Unhomely Histories
Unhomely Histories is my book in progress, in which I ask how we might rethink the history of domestic modernity in late colonial India from missionary schools and women’s colleges. The project draws outward from a history of Women’s Christian College in Madras (now Chennai), to trace a historical geography of Christian womanhood in the 1910s to the 1960s that unsettles the concatenation of woman-home-nation that is typically taken as the centrepiece of gender in early 20th century India. Instead, I show, unmarried women and women who centred their lives around scholarship and friendships rethought ‘home’ as figured through intimate relationships of care wrought in the encounters across caste and ethnicity that occurred in missionary educational institutions.

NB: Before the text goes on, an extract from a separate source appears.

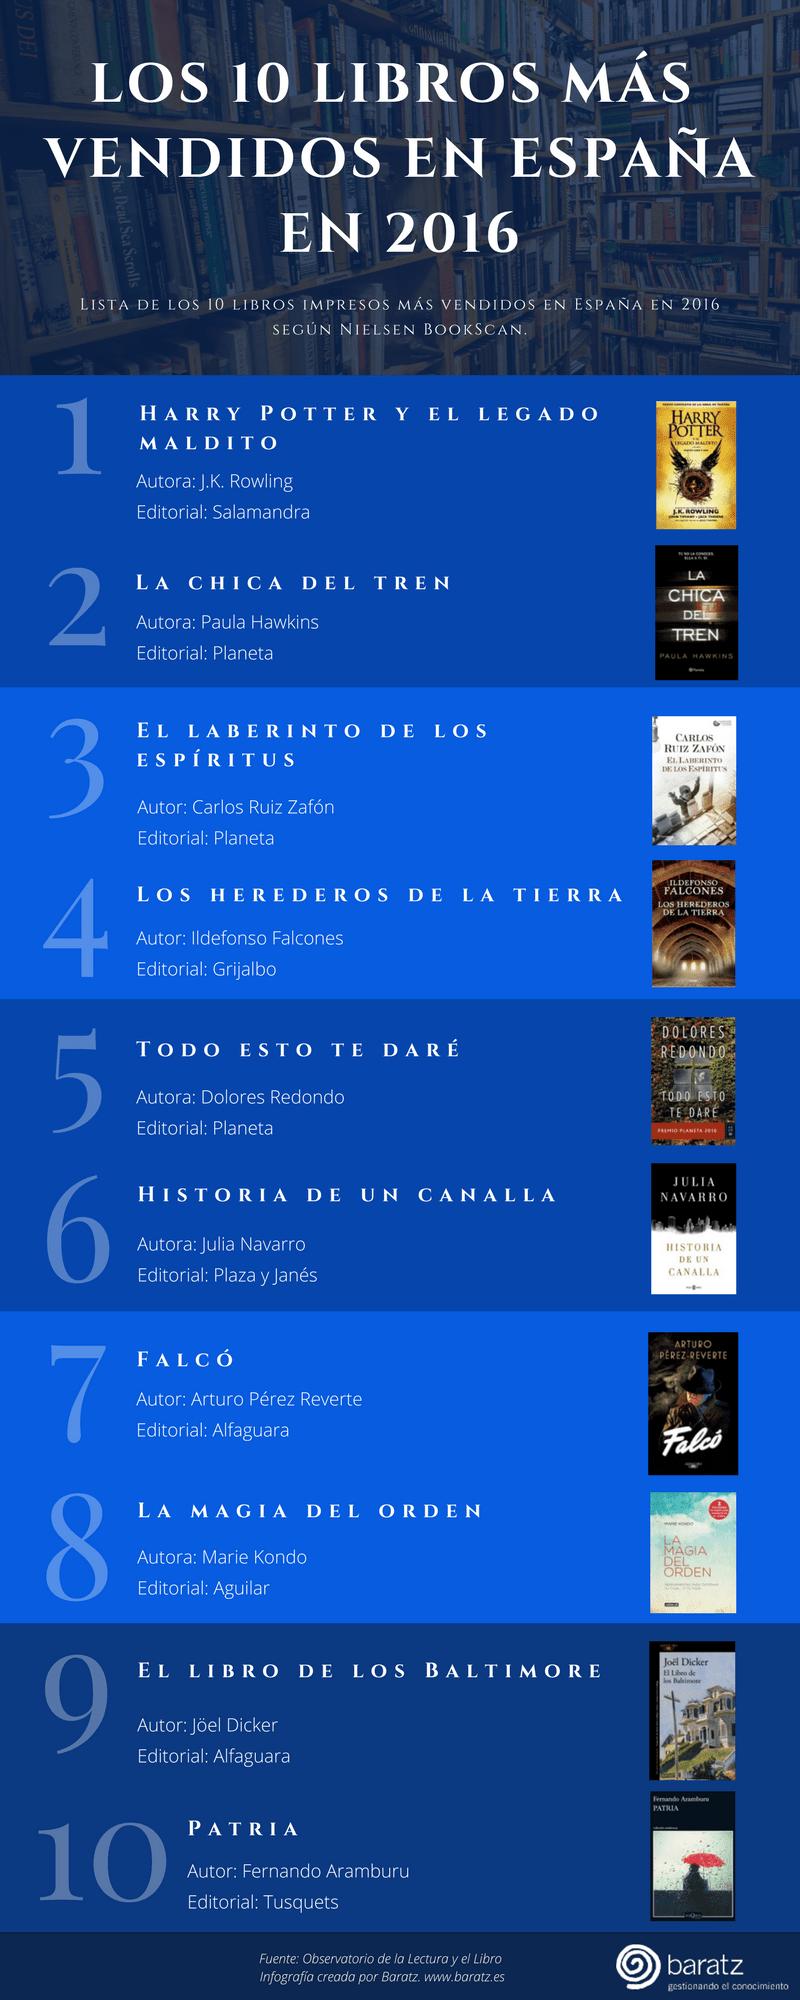 Los 10 libros más vendidos en España en 2016

Abolitionist Domesticities
Collaboration with Laura Antona, LSE
Central to the project of abolition is the question of how to make home - to build, and dwell in worlds that operate outside the systemic violence of carcerality and premature death. Our project traces geographies of home - historical and contemporary - as integral to the critique of racial capitalist carceral logics. We ask how, in proliferating geographies of enclosure and containment that range from militarised zones to concentration camps to prisons to the hyper-surveillance and liberal humanitarian scrutiny of caste-marginalised and racialised communities, people make home, build everyday life, and envision abolitionist futures.
We root our work in our critical engagement with Britain’s past and contemporary imperial presence. In doing so, our goal is to shore up the ways in which a debate on racial capitalism that typically centres on the US might shore up the ways in which racism is seeded within the mainstream rather than the “far right” alone of British establishment politics.